*WHAT TO DO*. Type out the whole listing again exactly, pictures omitted.
======== DATASET EXCERPT ========
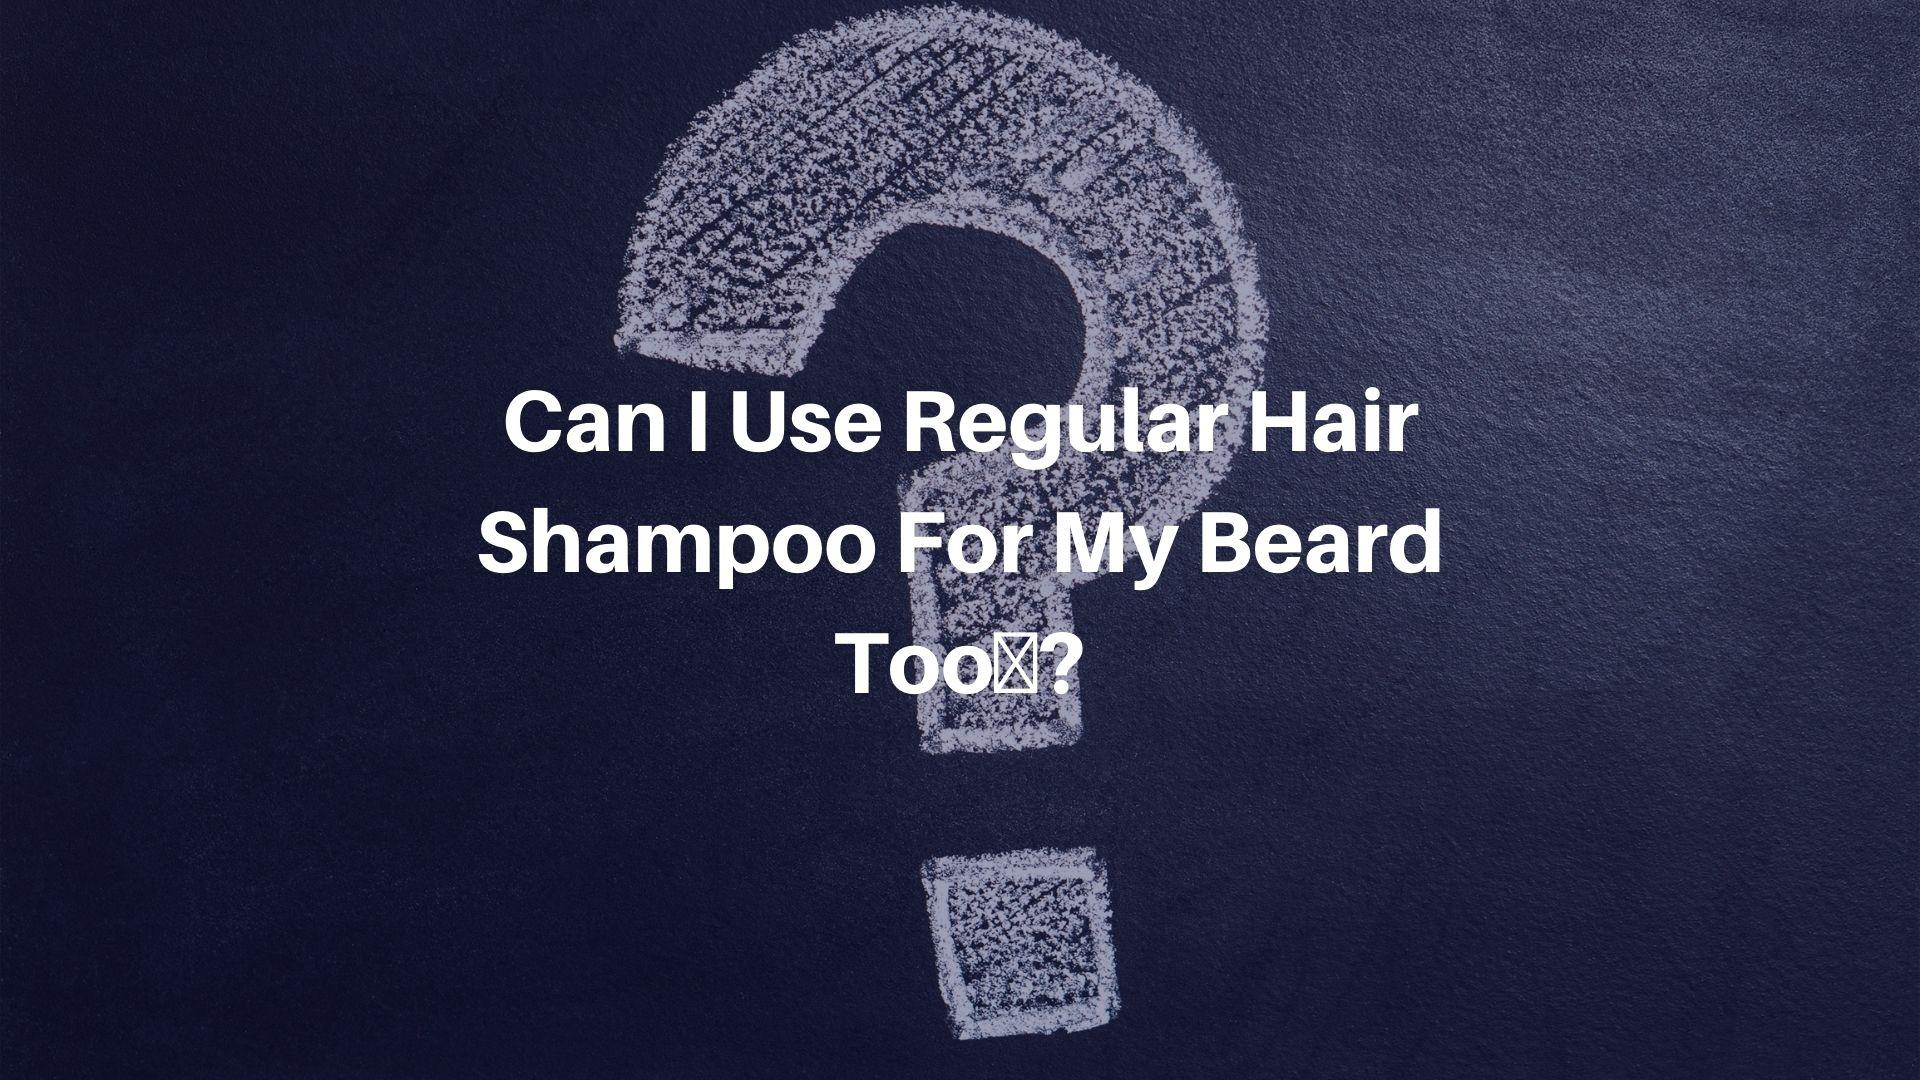 Can I Use Regular Hair Shampoo For My Beard Too?
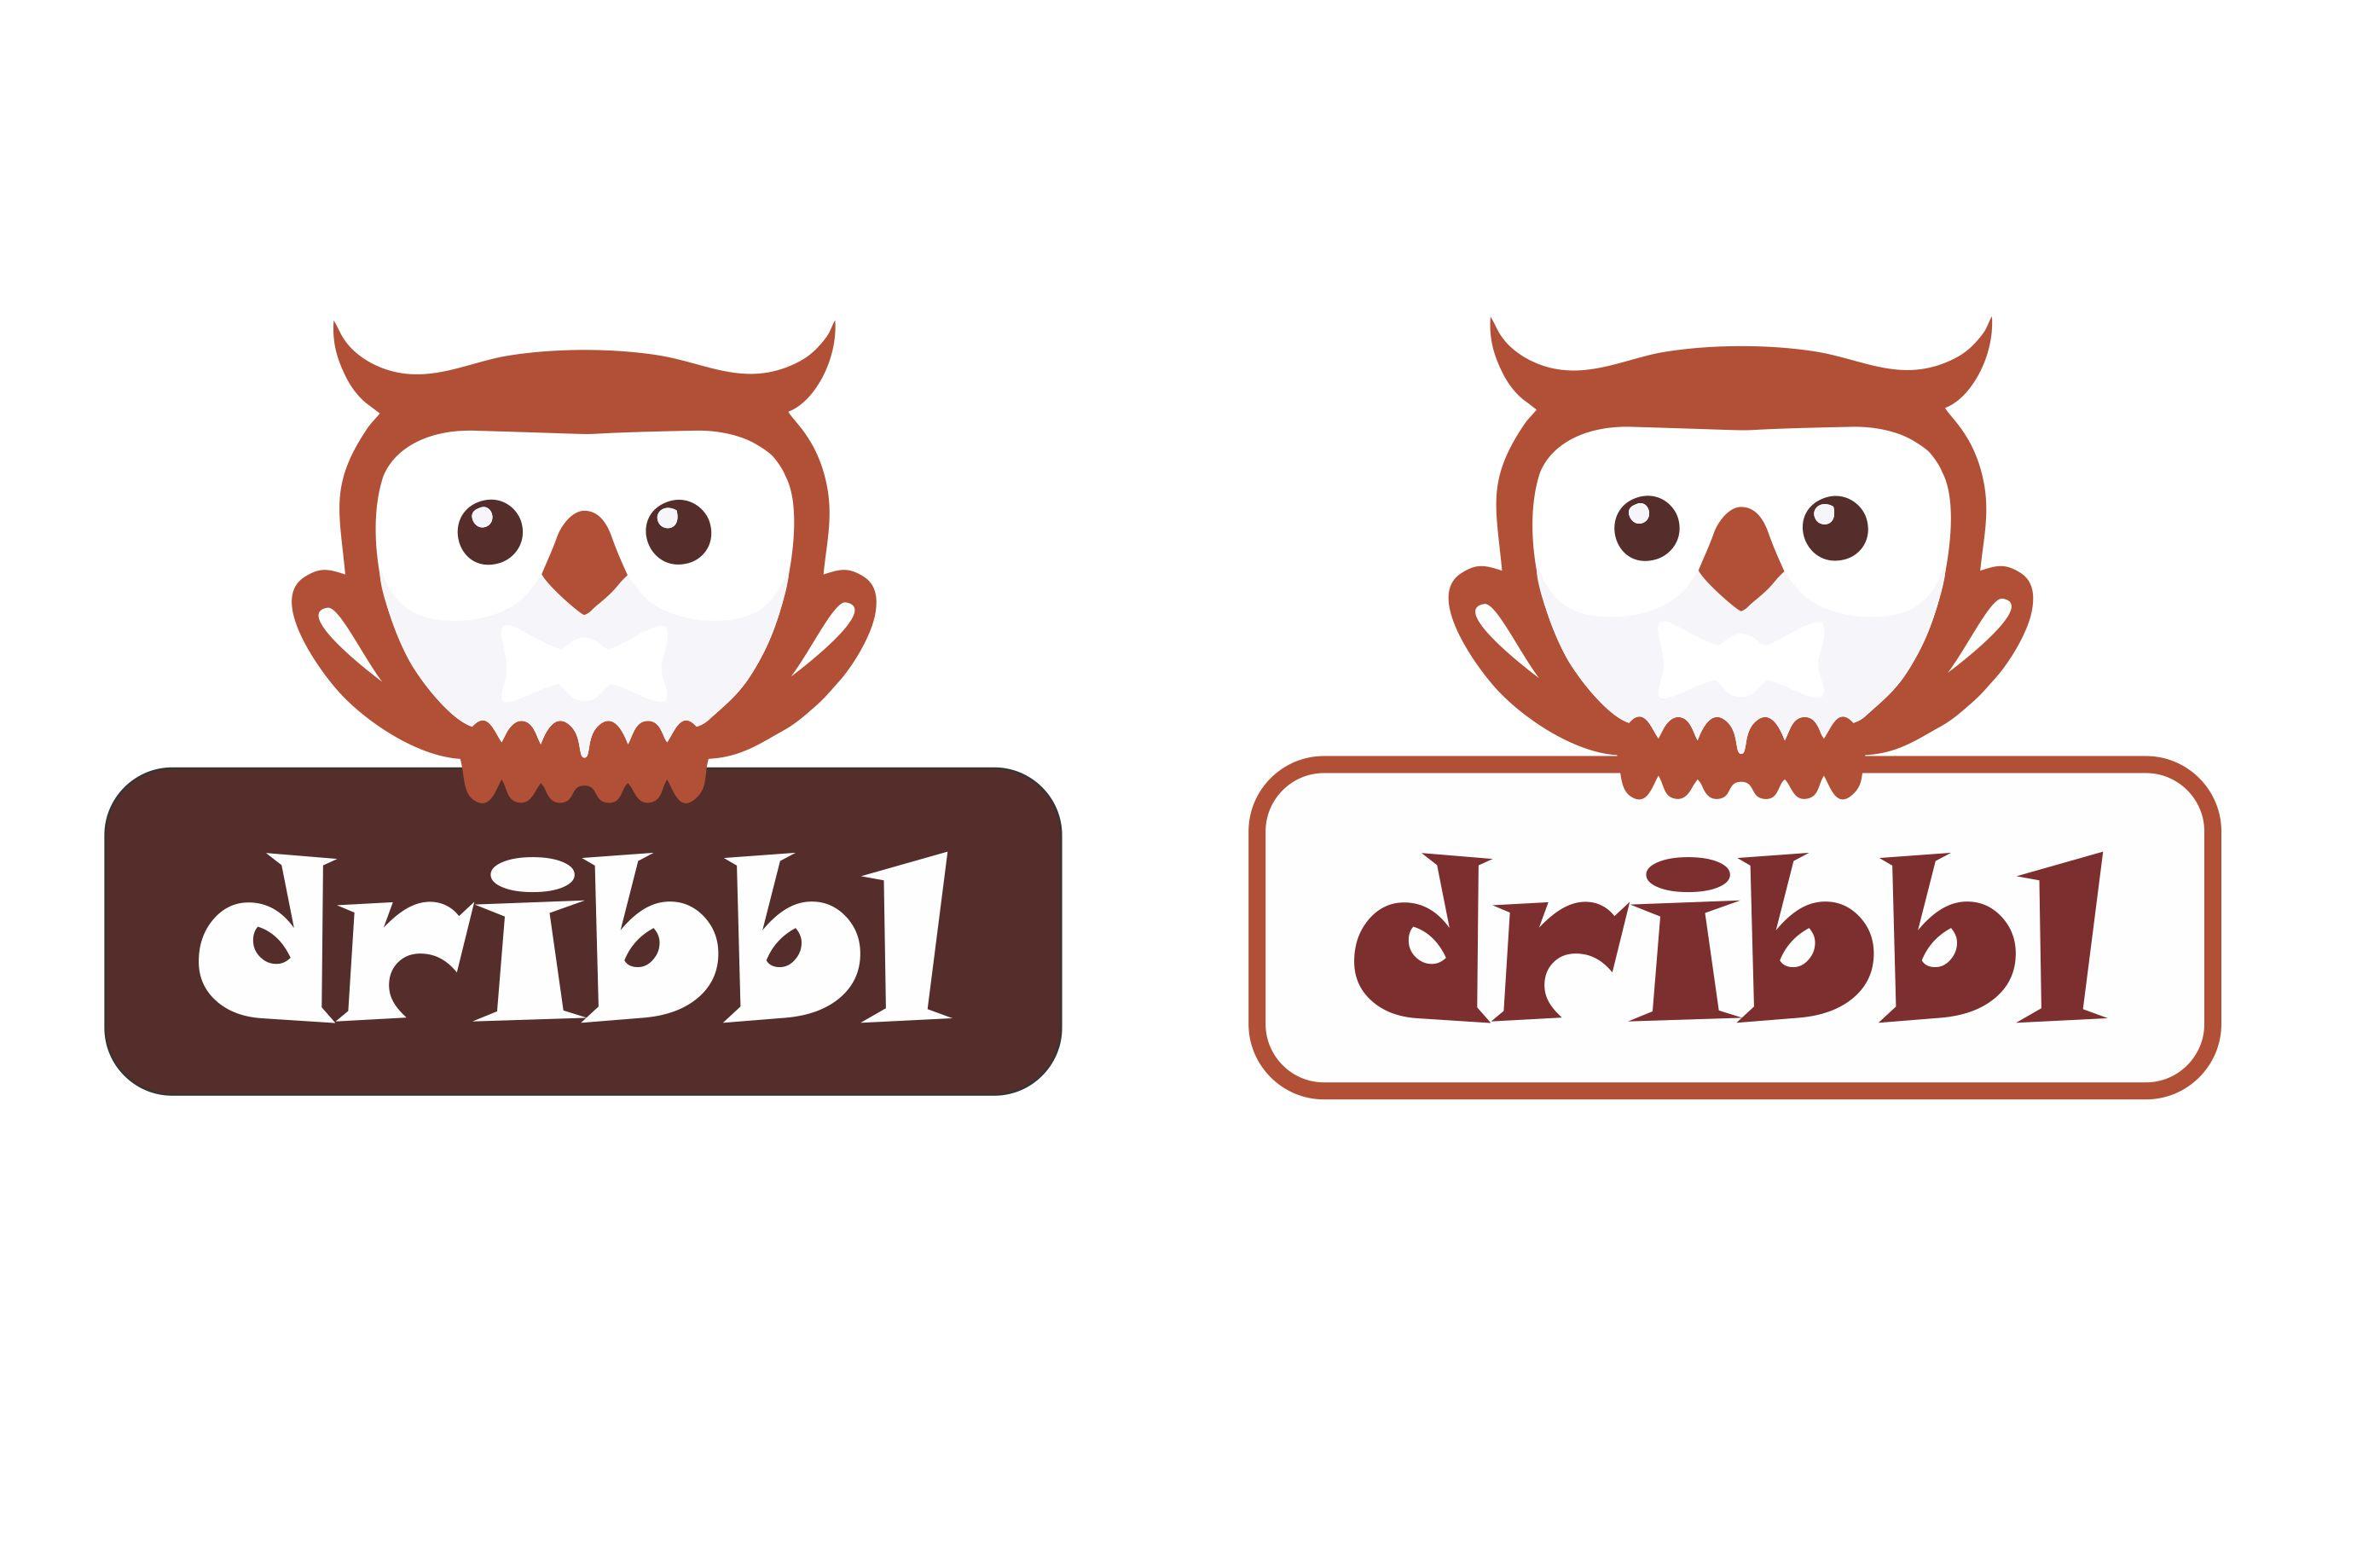 Разработка логотипа для сайта Dribbl.ru фото f_3865a9c34dceab9f.jpg
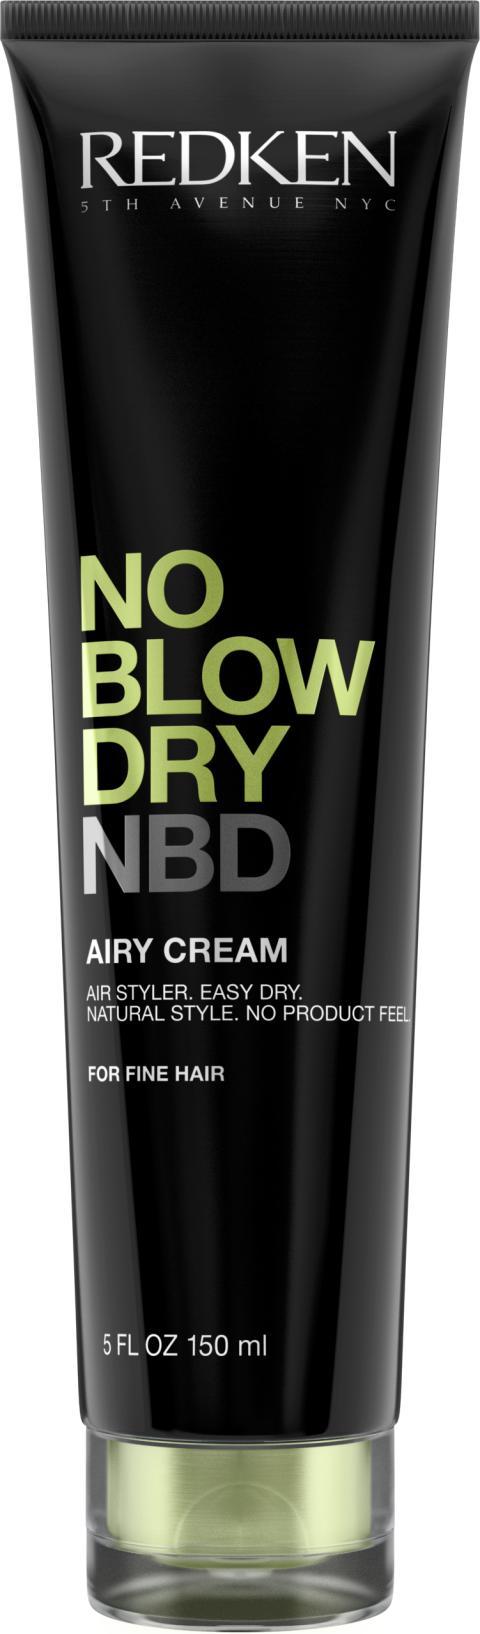 REDKEN- NO BLOW DRY- FINE HAIR, 250 kr
========
*PROBLEM SOLUTION*.
 Can I Use Regular Hair Shampoo For My Beard Too?
 Разработка логотипа для сайта Dribbl.ru фото f_3865a9c34dceab9f.jpg
 REDKEN- NO BLOW DRY- FINE HAIR, 250 kr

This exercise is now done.